Of the 3 implementations, only one supports BMI creation separate from object file creation.
Note that there are tools like build2 which play a much more active role in the build where they can communicate with the compiler directly about what is needed and provided in various places. However, this has the problem that the number of compilers you can have launched to discover that one module everyone (assuming it even exists) is waiting for can be unbounded. Not everyone has the RAM for that style of build execution. ↩︎
It depends on the implementation. GCC copies the contents into the BMI so that only directly consumed BMIs need to be known about, but MSVC needs to know where the transitive closure of imported modules (re-export'd or not) exist when consuming any module.
For example, when compiling C, it needs to be told where A and B are despite only knowing about B directly:
a.cppm: export module A;
b.cppm: export module B; import A; (needs a newline in actual source code, but meh for Discourse)
I'm well aware of clang-scan-deps. I'm suspicious of its applicability outside of clang emulation however. Basically, what is it going to report for this code:
I don't believe there's going to be a single tool that is suitable for this unless C++ ends up going to a compiler mono-culture (I put those odds at…0%).
Just to note, I'm an author of the dependency spec that is being worked on for communicating these things with build systems. Also note that you need to run it during the build in the general case; you cannot just scan and commit it to the source tree.
_MSC_VER is intrinsic to the MSVC compiler and contains its version number as its value (if defined). I really don't think clang-scan-deps is going to be able to answer __has_builtin questions for arbitrary compilers. Even if it does, clang-scan-deps will need to be strictly newer than your compiler because it can't guess the future at all. I don't think it's a viable solution for scanning other than as an alternative to the clang compiler it ships with that you'd be using anyway.

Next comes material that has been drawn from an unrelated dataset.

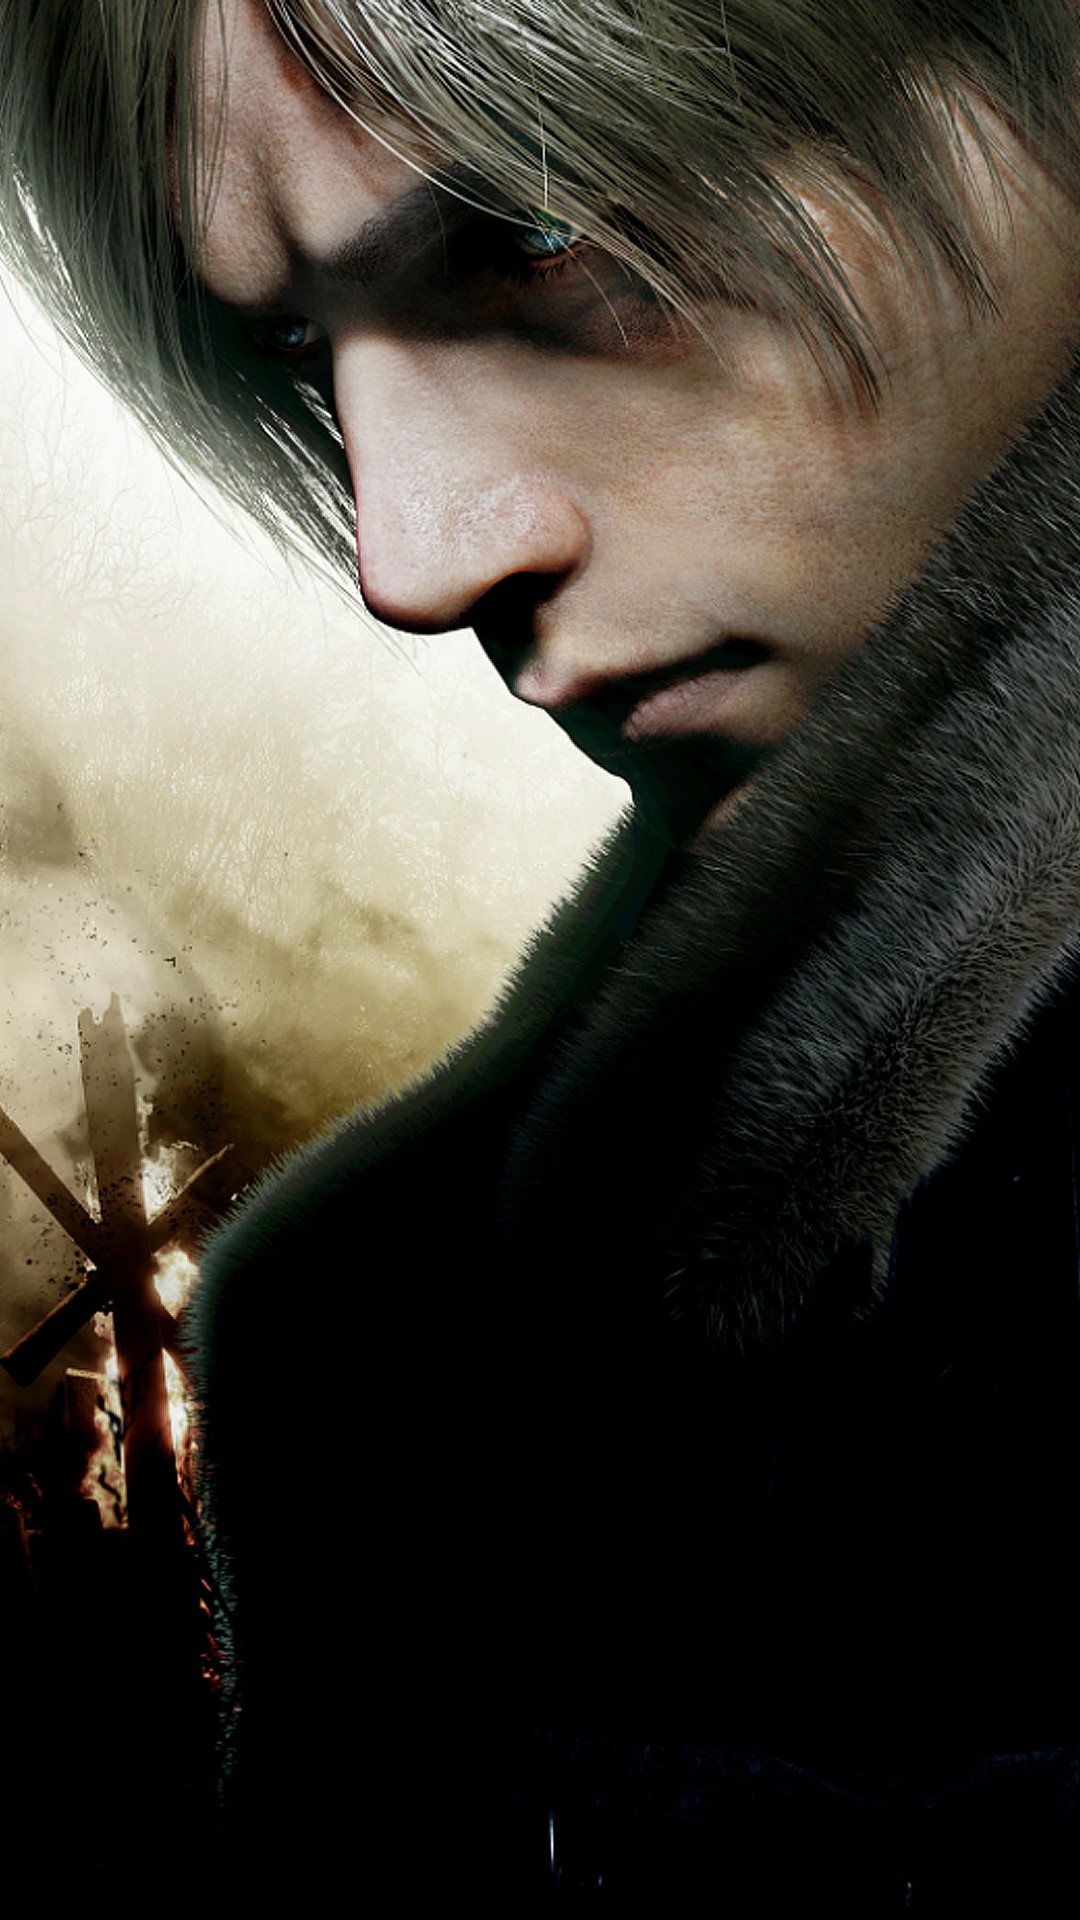 Resident Evil 4 Remake: Data de lançamento, plataformas, preço, trailers e  mais

Yes, I meet with these folks regularly to discuss C++ modules implementation progress .
This is simply not true- that example does not have any imports and so of course it does not need any of them to be present for parsing. But in general, if you don't have the symbols from imports, you can't parse C++- this is just a general property of the language and applies to #include as well.
Right, you can uncover the dependency graph, but you can't actually parse the module and produce a BMI until you've built BMIs for its dependencies. Dependency discovery had to be carefully designed to support this, because the rest of the language grammar does not.

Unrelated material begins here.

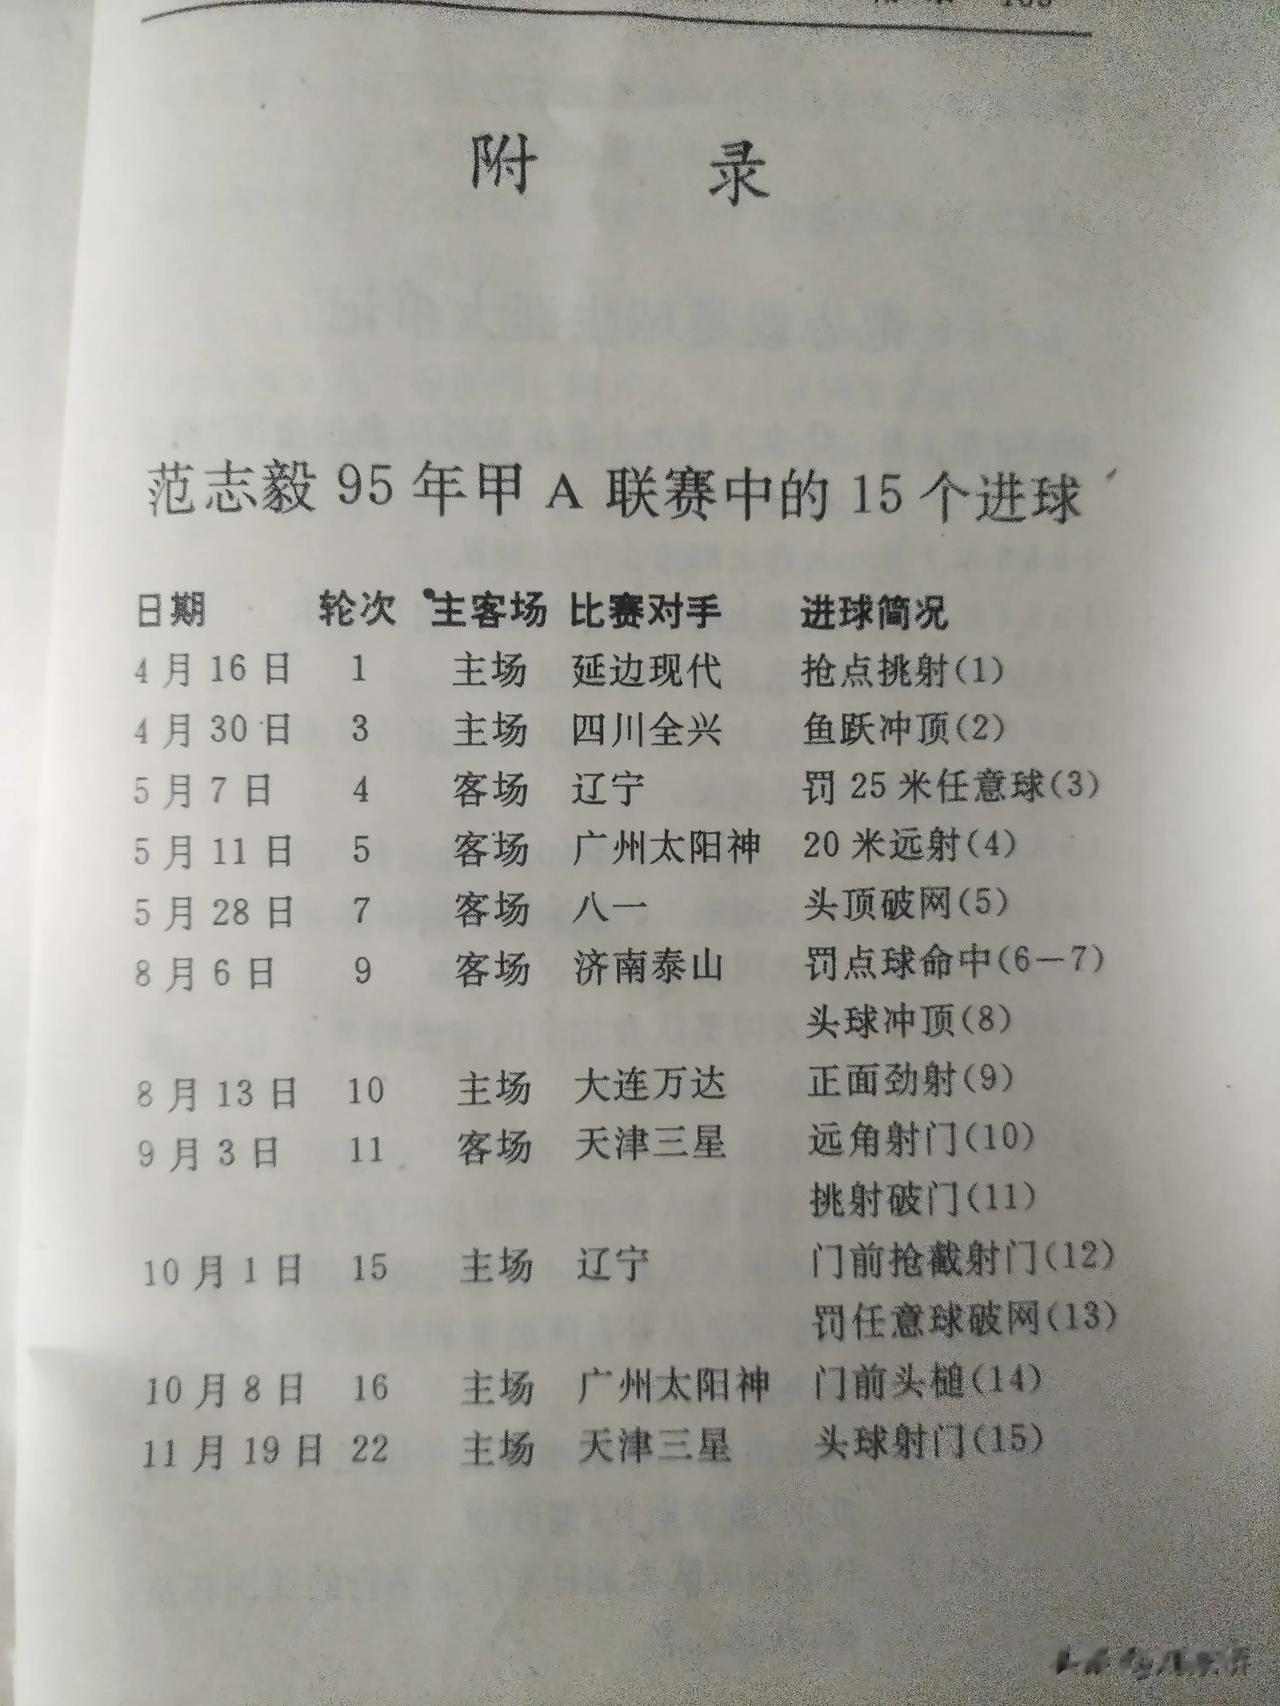 图为范志毅在1995赛季全国甲A联赛进球数据表。

这一年，范志毅不但收获了全国

MSVC also supports separate BMI creation with /ifcOnly.
Have you tried running that command? It doesn't work: Compiler Explorer
C++ cannot be parsed without knowledge of the declarations in scope. The standard examples are things like x * y (if x is imported from bar, you have to know the contents of bar to know whether to parse that as a declaration or expression), or template metaprogramming (because "declaration or expression?" can depend on arbitrary template instantiation, so again you have to know the contents of bar).
Indeed. The rules around macro expansion not applying to the module-related keywords, disabling of line continuation, and other minor exceptions are there for dep scanning.

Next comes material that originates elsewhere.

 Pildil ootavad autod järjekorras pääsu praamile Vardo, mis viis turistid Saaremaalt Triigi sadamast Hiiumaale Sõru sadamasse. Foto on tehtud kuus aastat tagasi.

Oh, I had missed that. Does it support ifc to obj? Or does that need from-source again (MSVC would still need the transitive import ifc set, so still bad for distributed compiles)?
From what I understand, MSVC does not support IFC -> OBJ, as IFCs only include the bodies of inline functions rather than everything needed to generate code. The IFCs on disk also still depend on each other in the same way as the source files, to avoid duplicating imported declarations.
Does Clang support distributing the PCM->object stage without the transitive import PCM set? Or do you still need those, just not the source?